Other intangible assets have been acquired, either individually or with a group of other assets, and were initially recognized and measured based on fair value. In accordance with FASB ASC 350 Intangible Assets, the costs of new product development and significant improvement to existing products are capitalized while routine and periodic alterations to existing products are expensed as incurred. Annual amortization of these intangible assets is computed based on the straight-line method over the remaining economic life of the asset.
Film and Television Costs
We capitalize production costs for episodic series produced in accordance with FASB ASC 926-20 Entertainment-Films - Other Assets - Film Costs. Accordingly, production costs are capitalized at actual cost and then charged against revenue based on the initial market revenue evidenced by a firm commitment over the period of commitment. We expense all capitalized costs that exceed the initial market firm commitment revenue in the period of delivery of the episodes.

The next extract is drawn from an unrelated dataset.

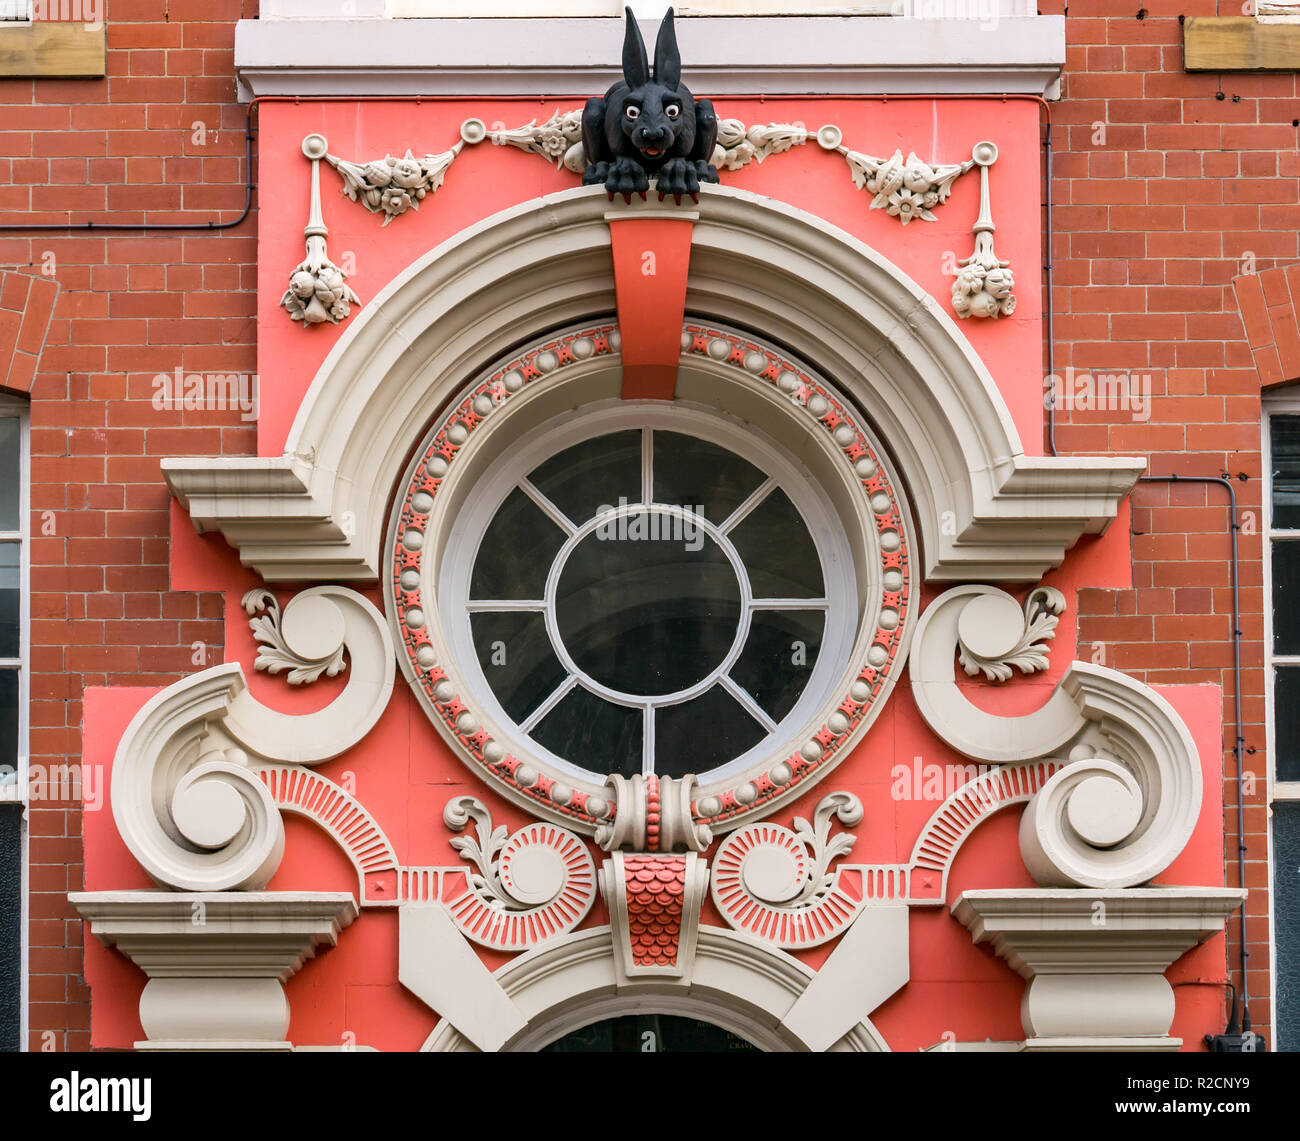 Reich verzierte Tür Collingwood House mit Vampir Kaninchen und Oberlicht, Amen Corner, St Nicholas Church Yard Gebäude, Newcastle Upon Tyne, England, Großbritannien Stockfoto

We capitalize production costs for films produced in accordance with FASB ASC 926-20 Entertainment-Films - Other Assets - Film Costs. Accordingly, production costs are capitalized at actual cost and then charged against revenue quarterly as a cost of production based on the relative fair value of the film(s) delivered and recognized as revenue. We evaluate our capitalized production costs annually and limit recorded amounts by our ability to recover such costs through expected future sales.
Additionally, for both episodic series and films, from time to time, we develop additional content, improved animation and bonus songs/features for our existing content. After the initial release of the film or episodic series, the costs of significant improvement to existing products are capitalized while routine and periodic alterations to existing products are expensed as incurred.
Revenue Recognition
We recognize revenue in accordance with FASB ASC 926-605 Entertainment-Films - Revenue Recognition. Accordingly, we recognize revenue when (i) persuasive evidence of a sale with a customer exists, (ii) the film is complete and has been delivered or is available for delivery, (iii) the license period of the arrangement has begun and the customer can begin its exploitation, exhibition, or sale, (iv) the arrangement fee is fixed or determinable, and (v) collection of the arrangement fee is reasonably assured.

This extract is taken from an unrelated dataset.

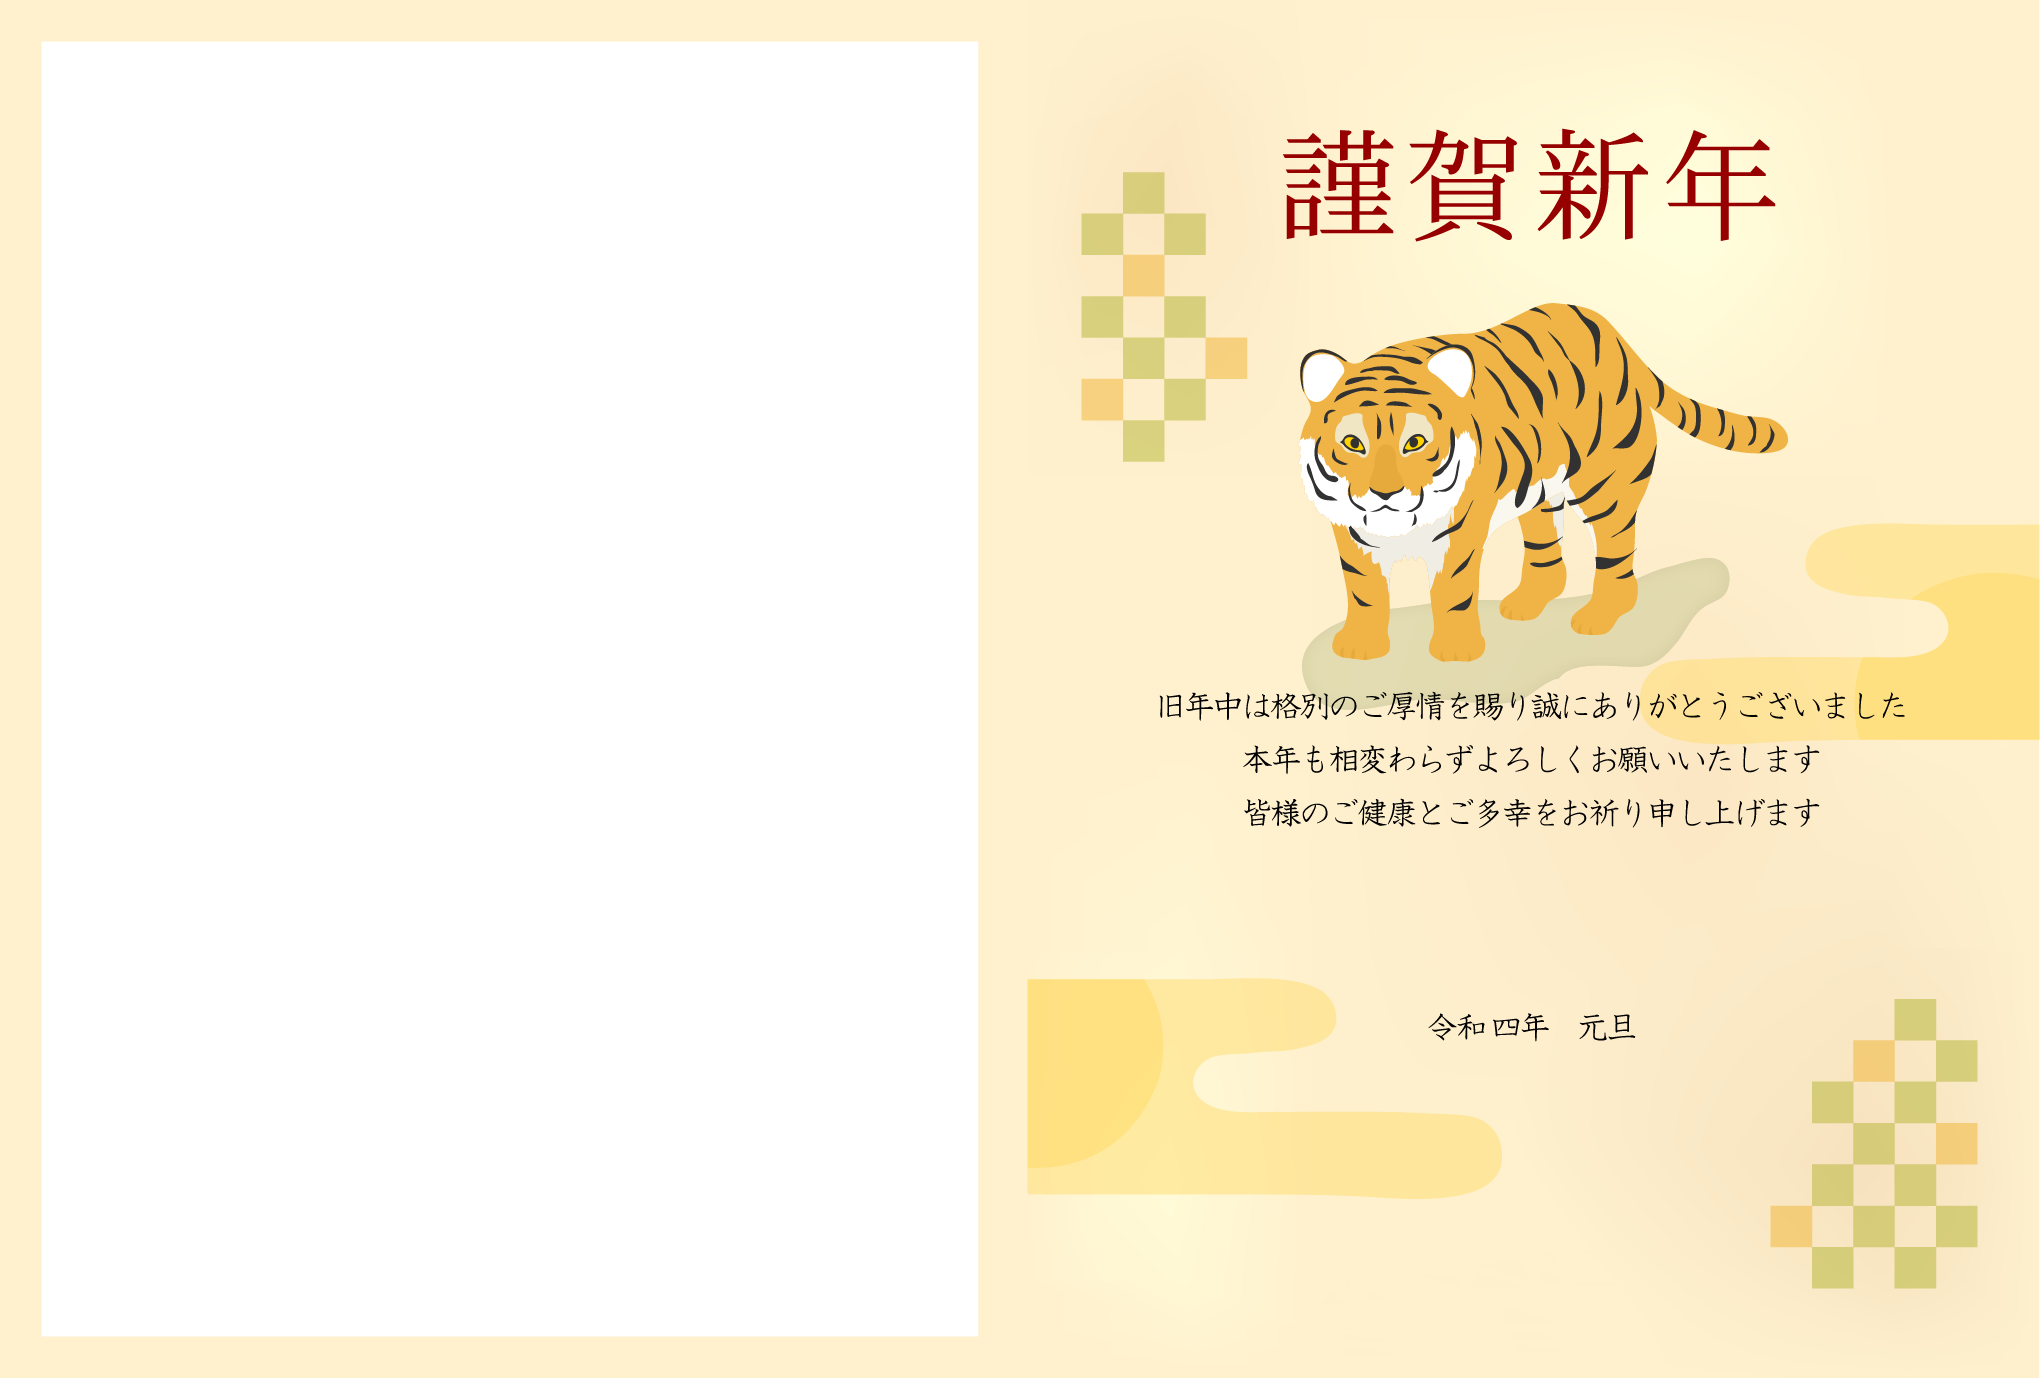 かわいい虎とサークル状の梅の年賀状テンプレート 22年 令和4年 無料の年賀状デザインテンプレート集

Our licensing and royalty revenue represents revenue generated from license agreements that are held in conjunction with third parties that are responsible for collecting fees due and remitting to us our share after expenses. Revenue from licensed products is recognized when realized or realizable based on royalty reporting received from licensees. Licensing income that we recognize as an agent is in accordance with FASB ASC 605-45 Revenue Recognition - Principal Agent. Accordingly, our revenue is our gross billings to our customers less the amounts we pay to suppliers for their products and services.
We sell advertising on our Kid Genius channel in the form of either flat rate promotions or impressions served. For flat rate promotions with a fixed term, we recognize revenue when all five revenue recognition criteria under FASB ASC 605 are met. For impressions served, we deliver a certain minimum number of impressions on the channel to the advertiser for which the advertiser pays a contractual CPM per impression. Impressions served are reported to us on a monthly basis, and revenue is reported in the month the impressions are served.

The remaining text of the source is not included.